RECORDS SHOWN =>
——
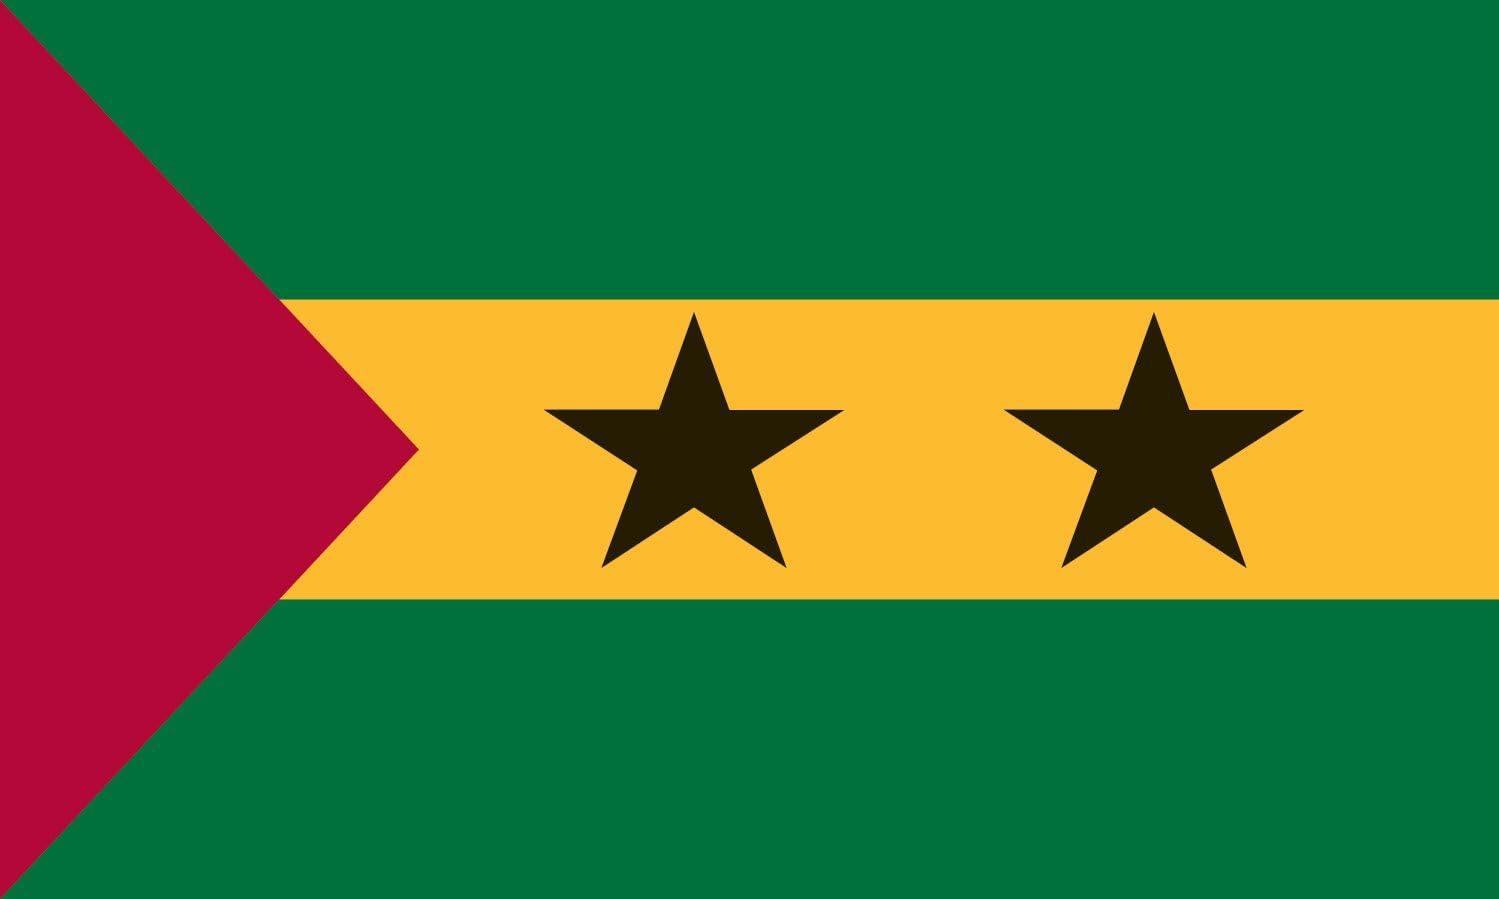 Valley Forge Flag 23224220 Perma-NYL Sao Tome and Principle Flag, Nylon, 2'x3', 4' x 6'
——
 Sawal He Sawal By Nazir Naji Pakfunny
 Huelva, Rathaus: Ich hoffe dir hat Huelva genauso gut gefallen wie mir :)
——
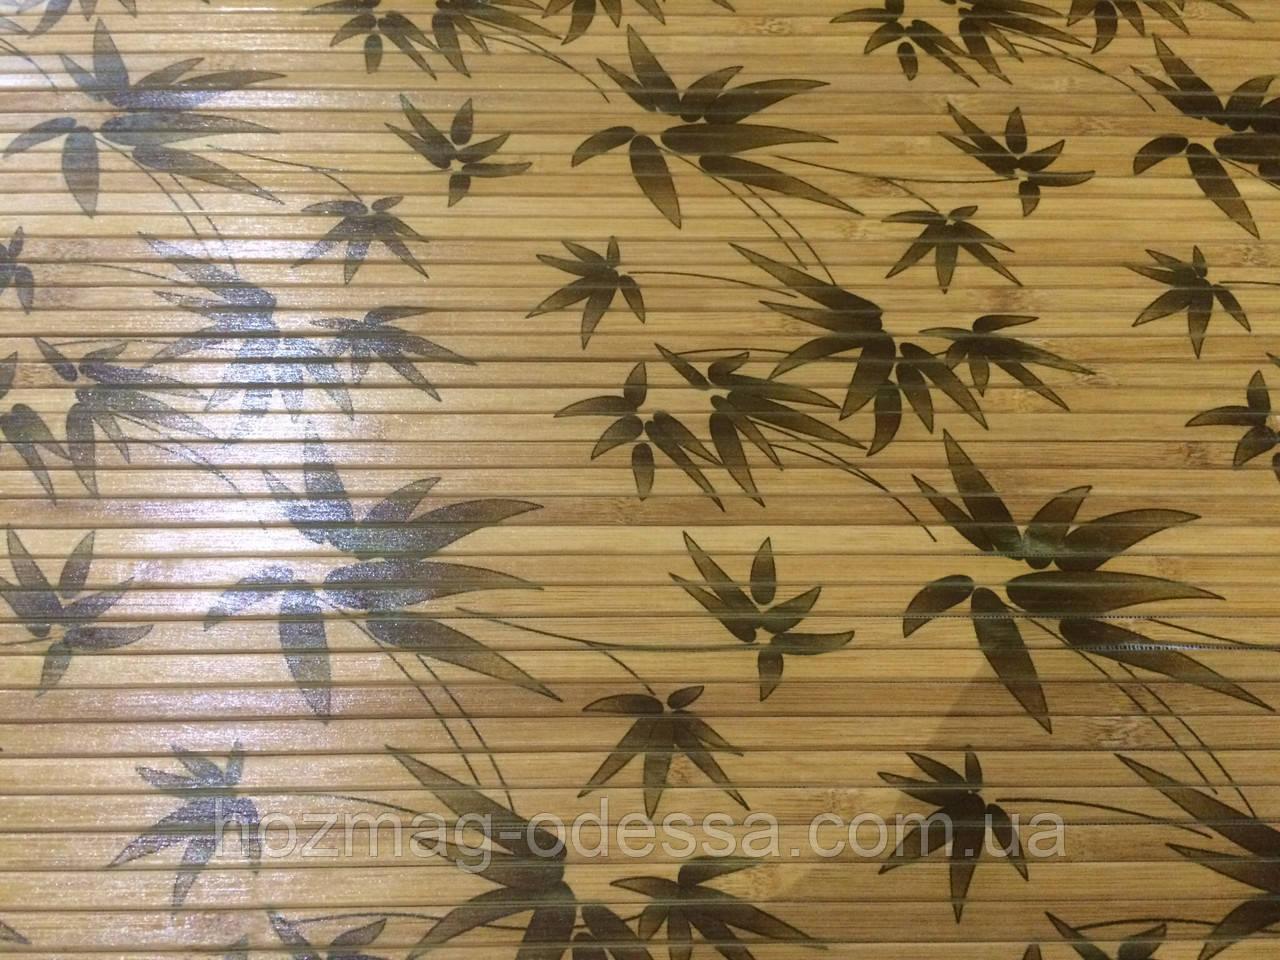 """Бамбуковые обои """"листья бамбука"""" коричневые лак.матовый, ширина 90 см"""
——
AIM OF THE EXERCISE => Please give an exact copy of the entries above, from the line with "Sawal He Sawal By Nazir Naji Pakfunny" down to the line with "Huelva, Rathaus: Ich", inclusive, and nothing else.

ANSWER BOX =>
 Sawal He Sawal By Nazir Naji Pakfunny
 Huelva, Rathaus: Ich hoffe dir hat Huelva genauso gut gefallen wie mir :)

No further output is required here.